Work to be completed:
Quote all of the data that follows exactly as written, skipping the images.

The data:
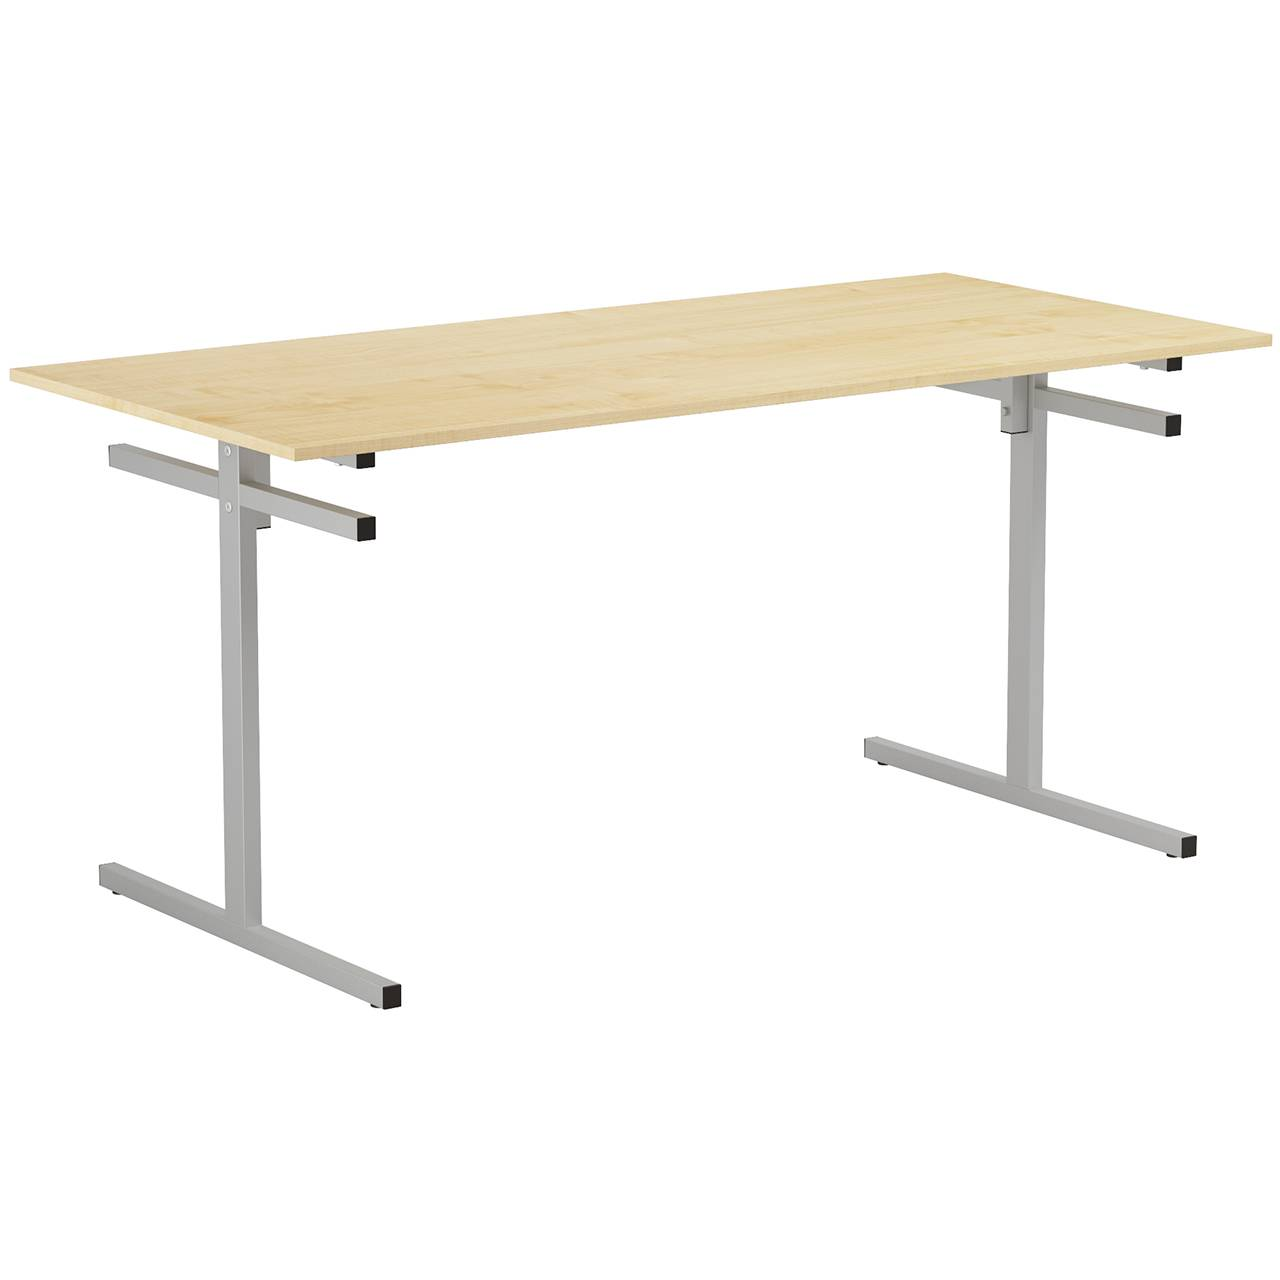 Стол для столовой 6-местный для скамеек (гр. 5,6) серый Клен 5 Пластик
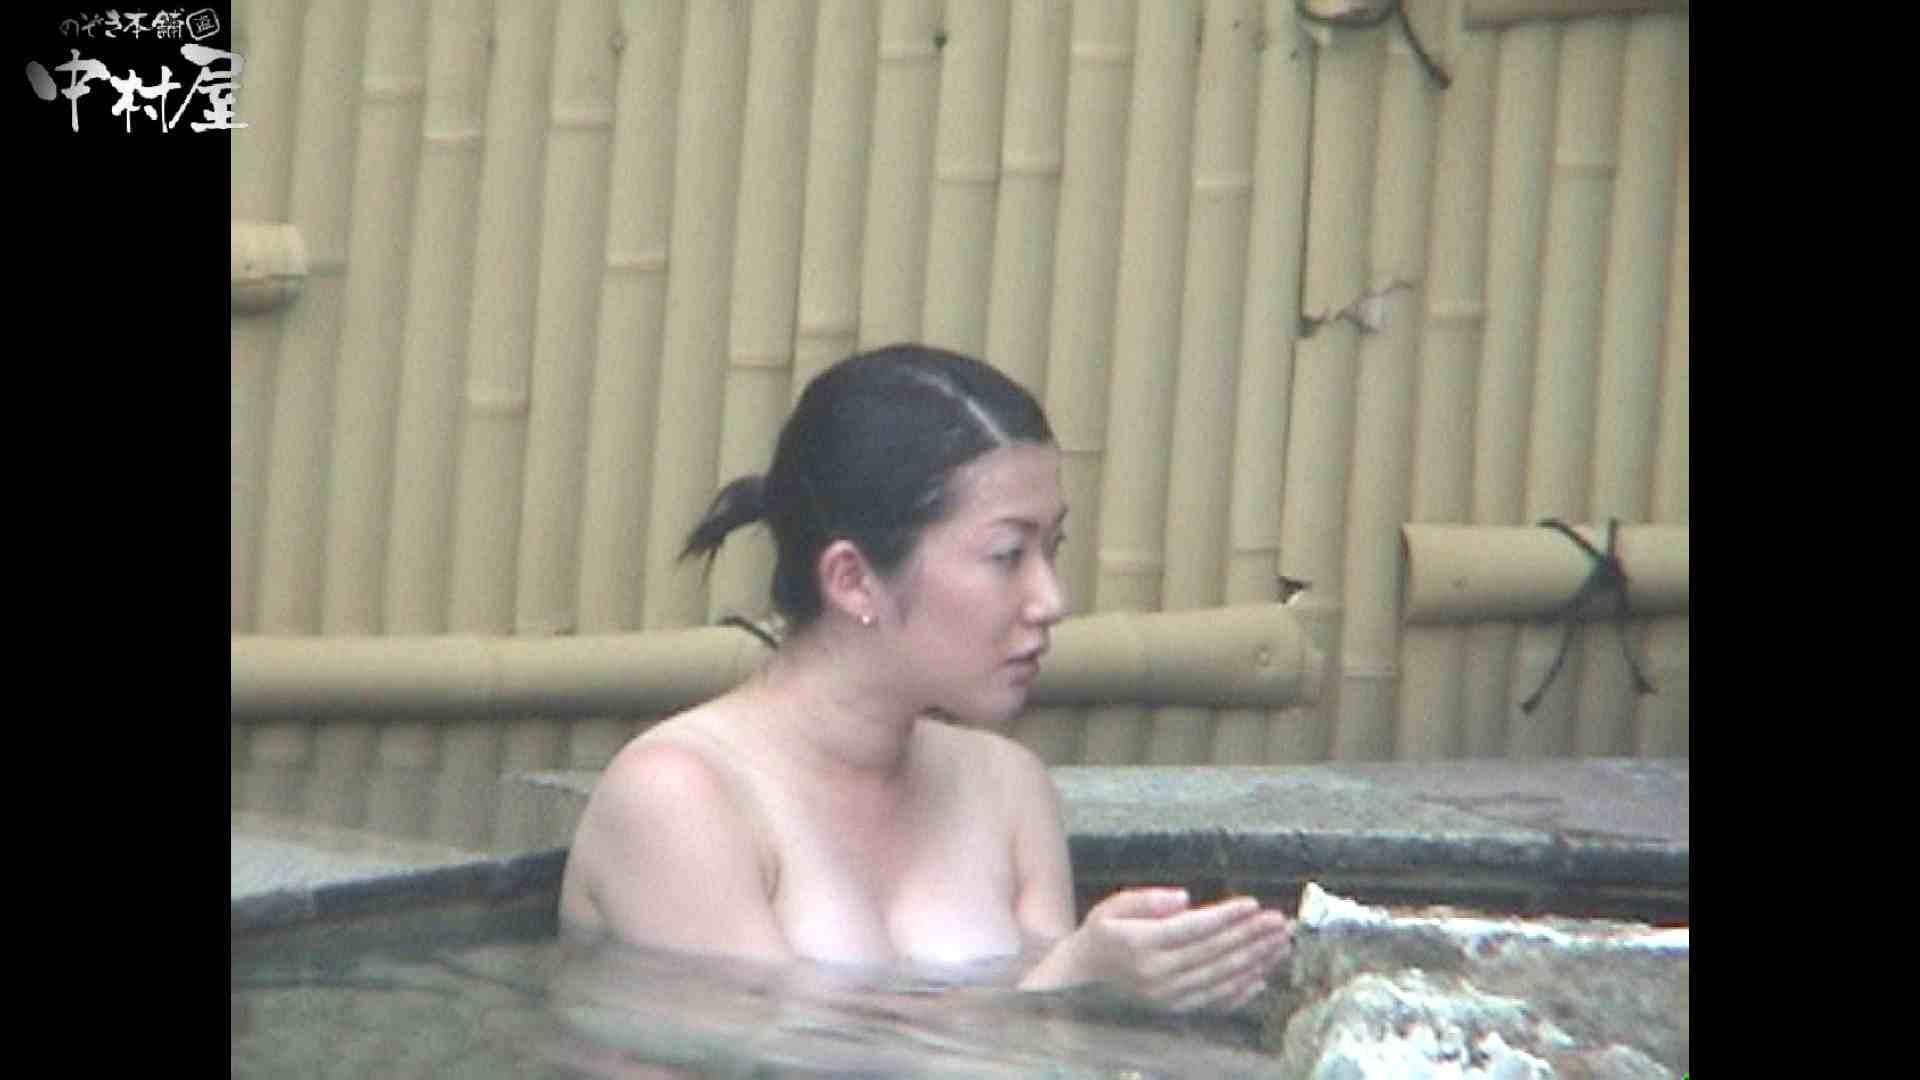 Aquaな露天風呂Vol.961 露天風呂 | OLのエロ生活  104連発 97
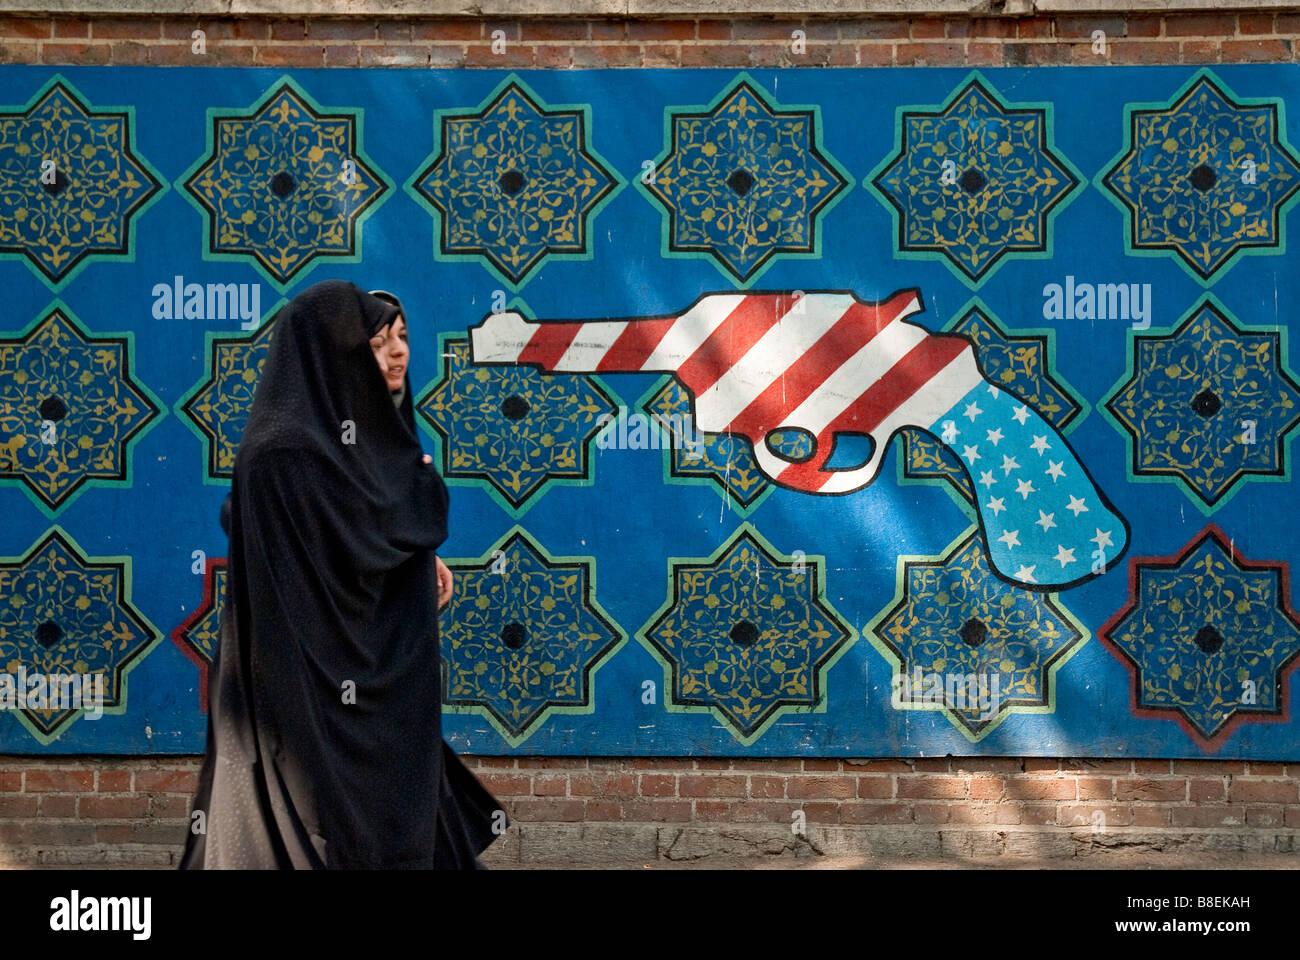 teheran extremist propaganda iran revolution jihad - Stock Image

Answer for this exercise:
 Стол для столовой 6-местный для скамеек (гр. 5,6) серый Клен 5 Пластик
 Aquaな露天風呂Vol.961 露天風呂 | OLのエロ生活  104連発 97
 teheran extremist propaganda iran revolution jihad - Stock Image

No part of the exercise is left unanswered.